# [Exercise directions]
Where a picture appears in the data below, exclude it; restate everything else word for word.

[Data segment]

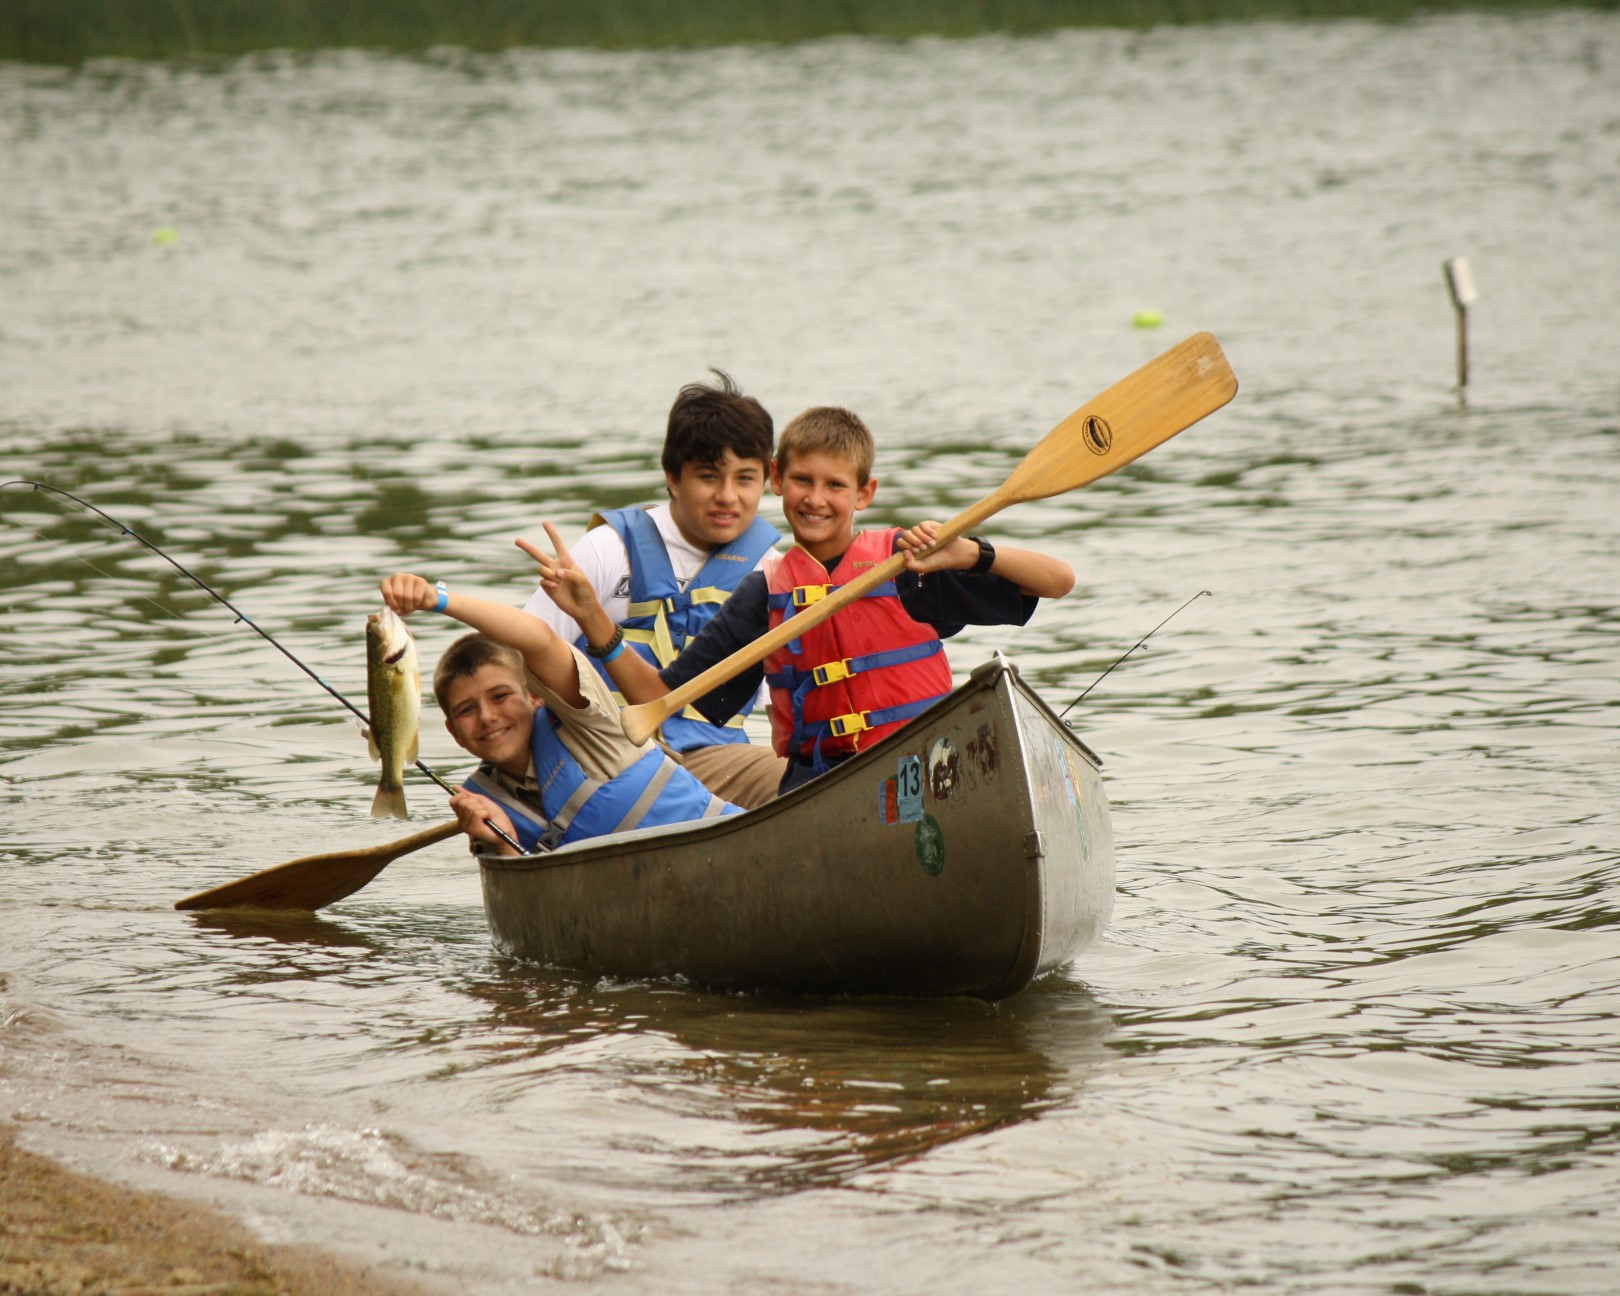 Three Scouts are in a canoe on the lake. One is holding a paddle, one is holding a fishing rod, and the third is holding a head-sized fish
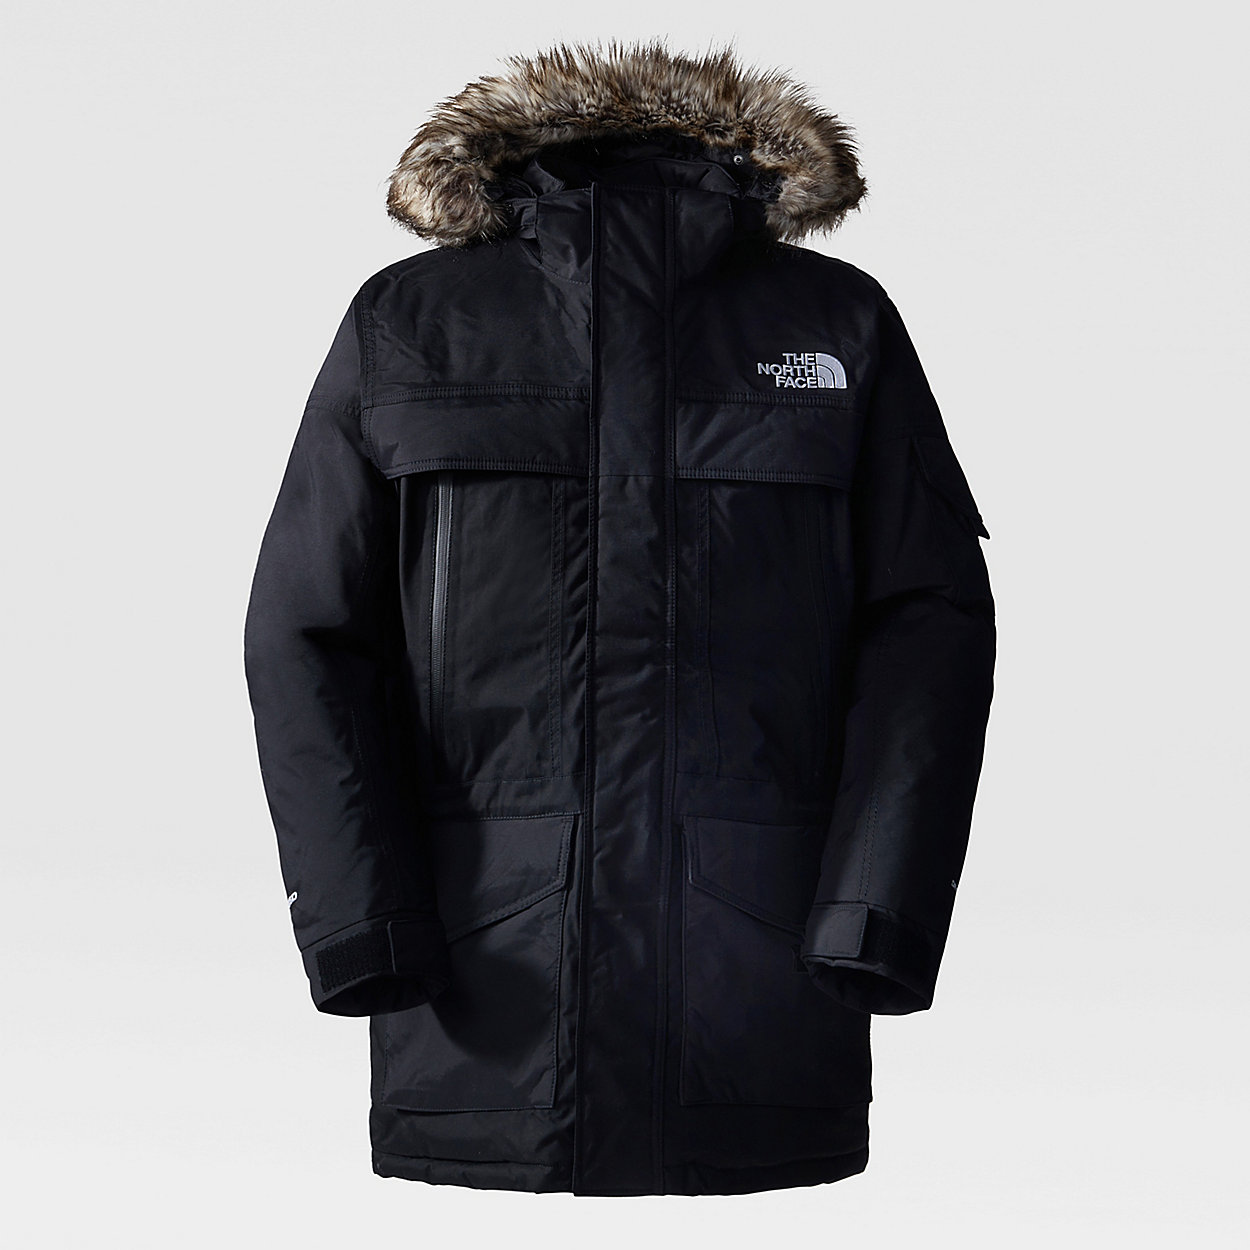 Unlock Wilderness' choice in the Trespass Vs North Face comparison, the McMurdo 2 Parka by The North Face
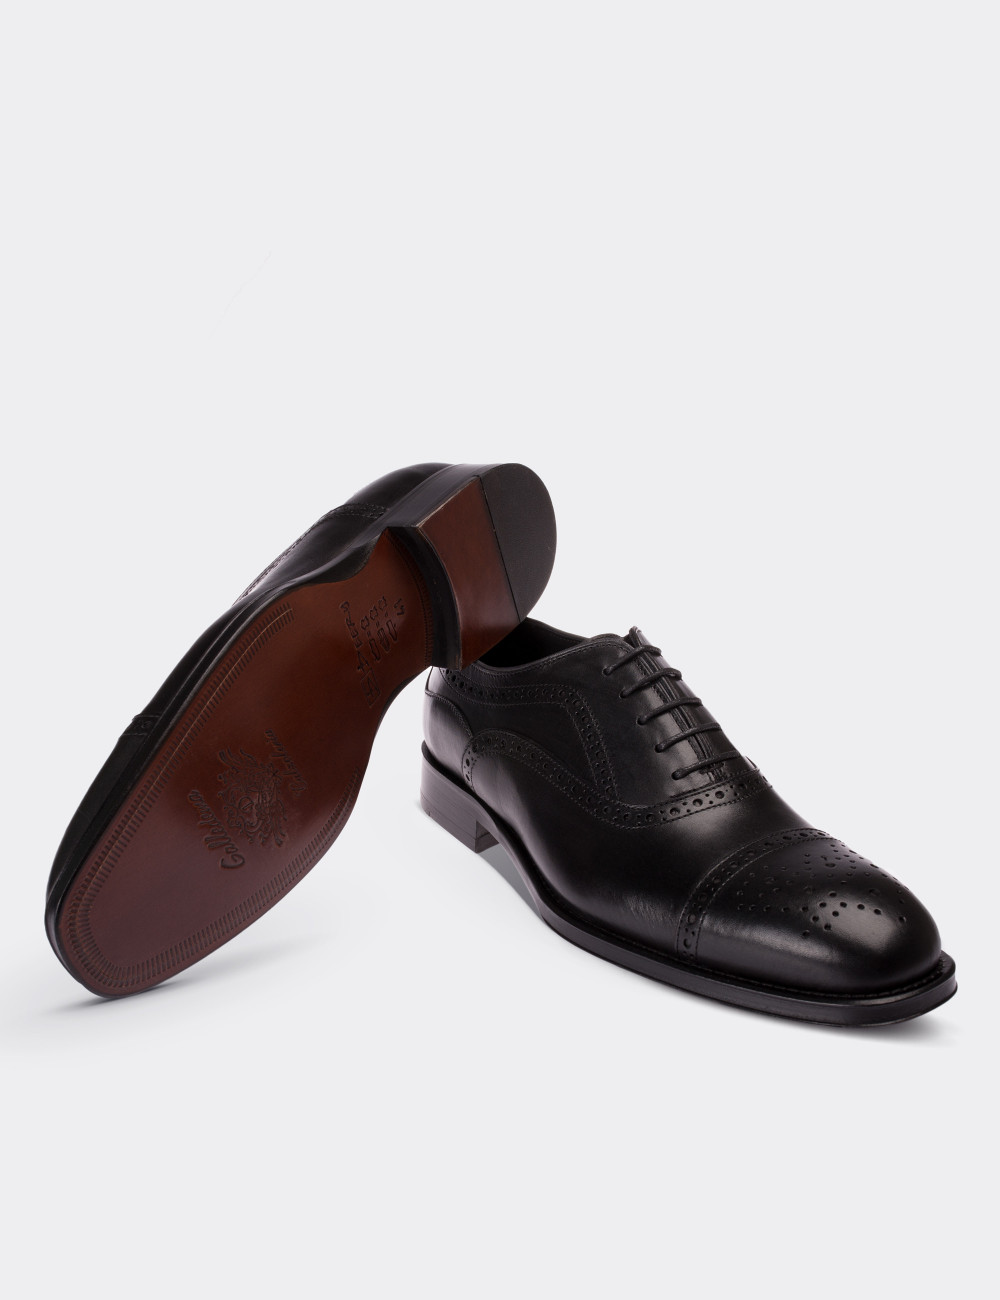 Black  Leather Classic Shoes - 01595MSYHK01
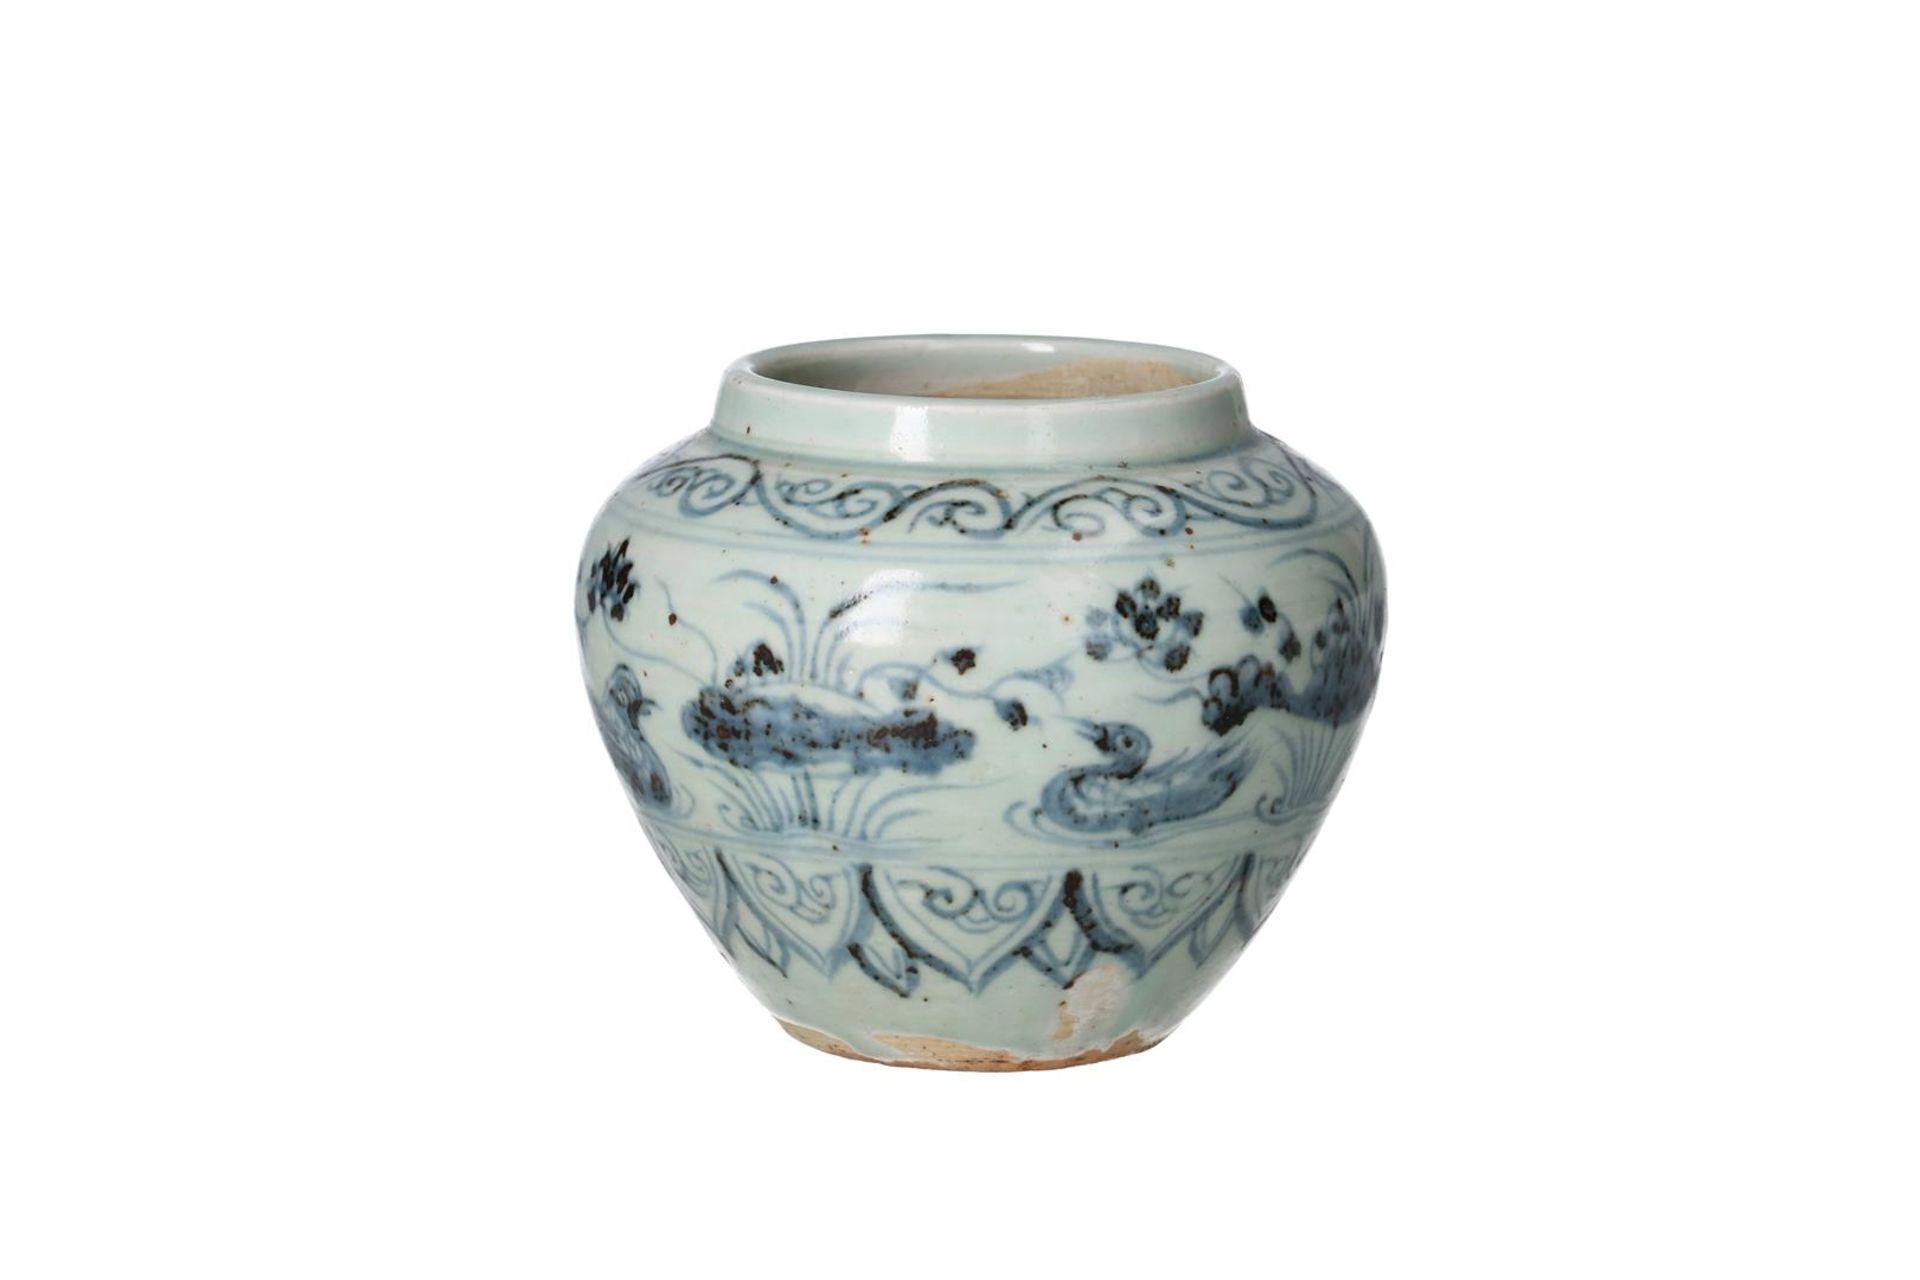 A blue and white porcelain jar, decorated with mandarin ducks and water plants. Unmarked. China, - Image 3 of 6

[/Data segment]

# [Solution for this task]
 Three Scouts are in a canoe on the lake. One is holding a paddle, one is holding a fishing rod, and the third is holding a head-sized fish
 Unlock Wilderness' choice in the Trespass Vs North Face comparison, the McMurdo 2 Parka by The North Face
 Black  Leather Classic Shoes - 01595MSYHK01
 A blue and white porcelain jar, decorated with mandarin ducks and water plants. Unmarked. China, - Image 3 of 6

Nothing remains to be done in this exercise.